# Zulu strap adapters for mudman - suunto clips work!!!



## Armatus (Nov 26, 2007)

Managed to get some suunto "c" clips to fit on a mudman to allow wearing with a zulu or nato type strap.

Haven't really come across any other suggestions for the mudman and I imagine that this would probably work on the protreks as well (?).

This is one of the clips, they came in a packet with a velcro strap for the vector.










After refitting the screws there is a slight gap between the clip and the base.

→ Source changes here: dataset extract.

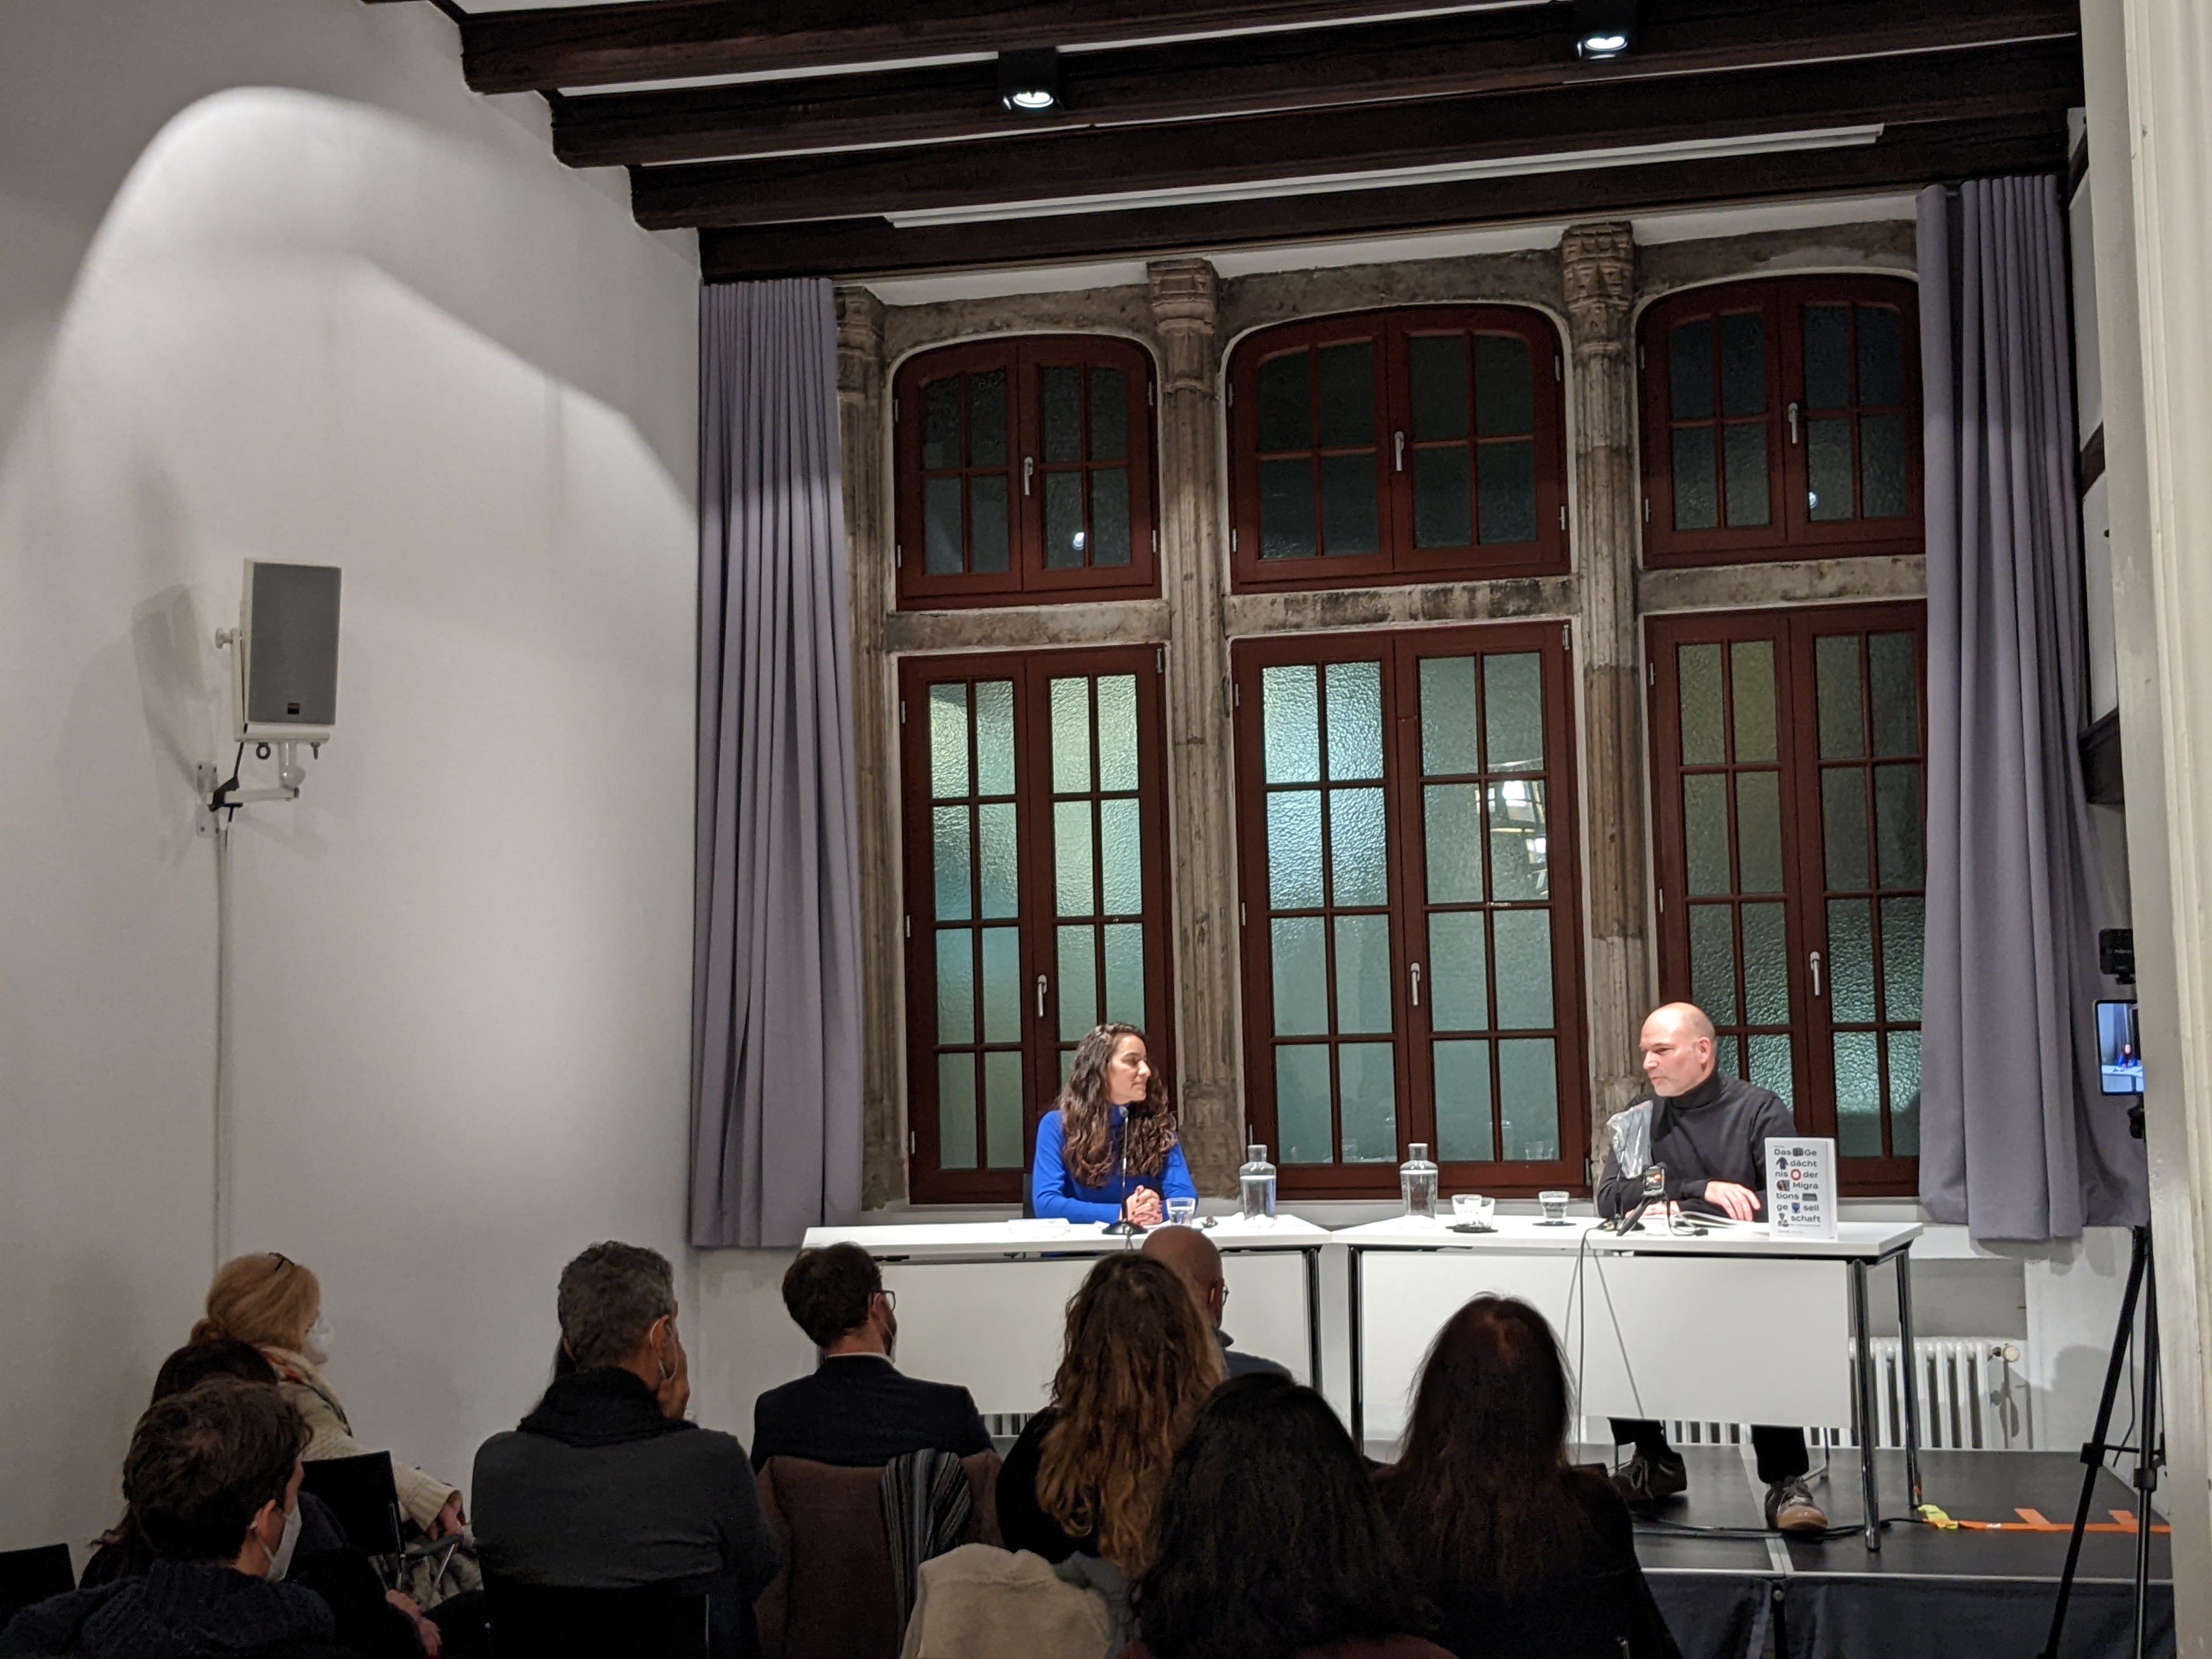 The literary scientist Maryam Aras in conversation with the book author Manuel Gogos.
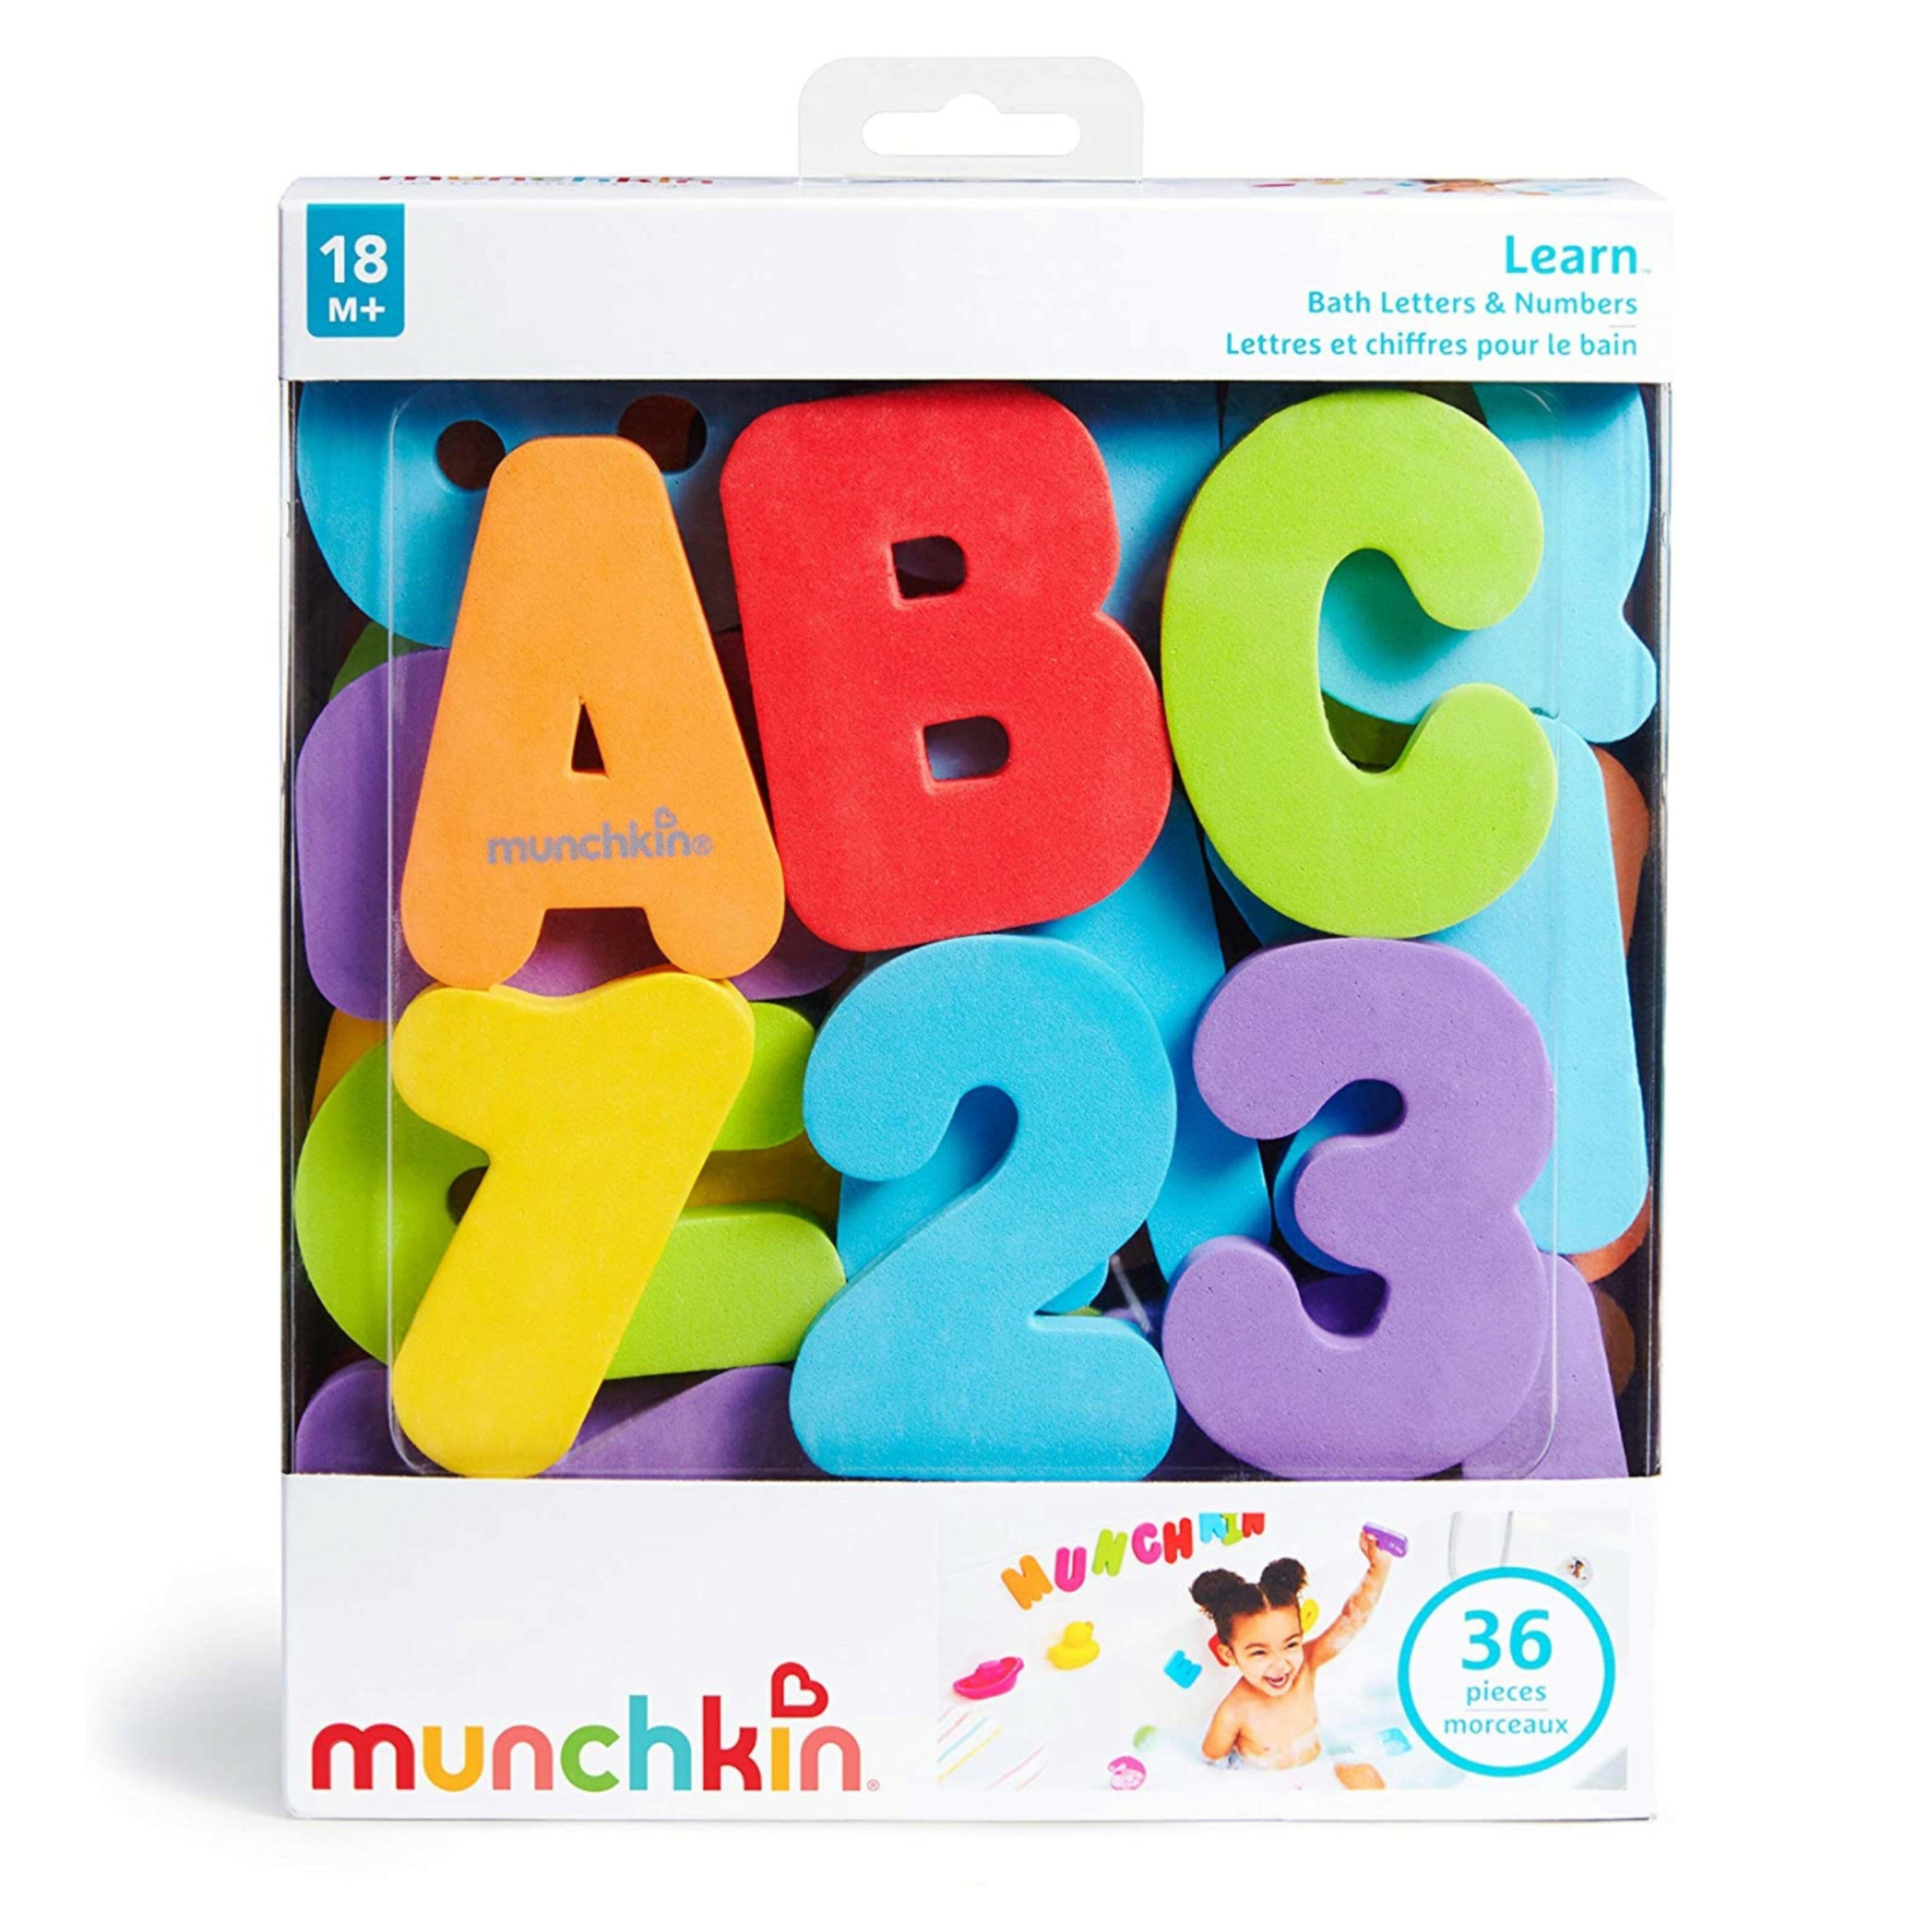 Munchkin 36 Bath Letters and Numbers.

I filled this with some spacers I cut from the inside of a biro, but you could 
use anything else and probably do a better job.










from the top










from below with 22mm 2-ring zulu










20mm waterborne










obligatory wrist shots



















I think that it has worked quite well. It feels solid enough but I haven't had a chance to 
test it out much though.

AR.


----------



## cascadien (Feb 3, 2008)

Good idea!!!:-! although im not quite sure what a suunto is(another watch brand maybe?) or where i could find said clips.


----------



## MarkMUK (Oct 5, 2007)

cascadien said:


> Good idea!!!:-! although im not quite sure what a suunto is(another watch brand maybe?) or where i could find said clips.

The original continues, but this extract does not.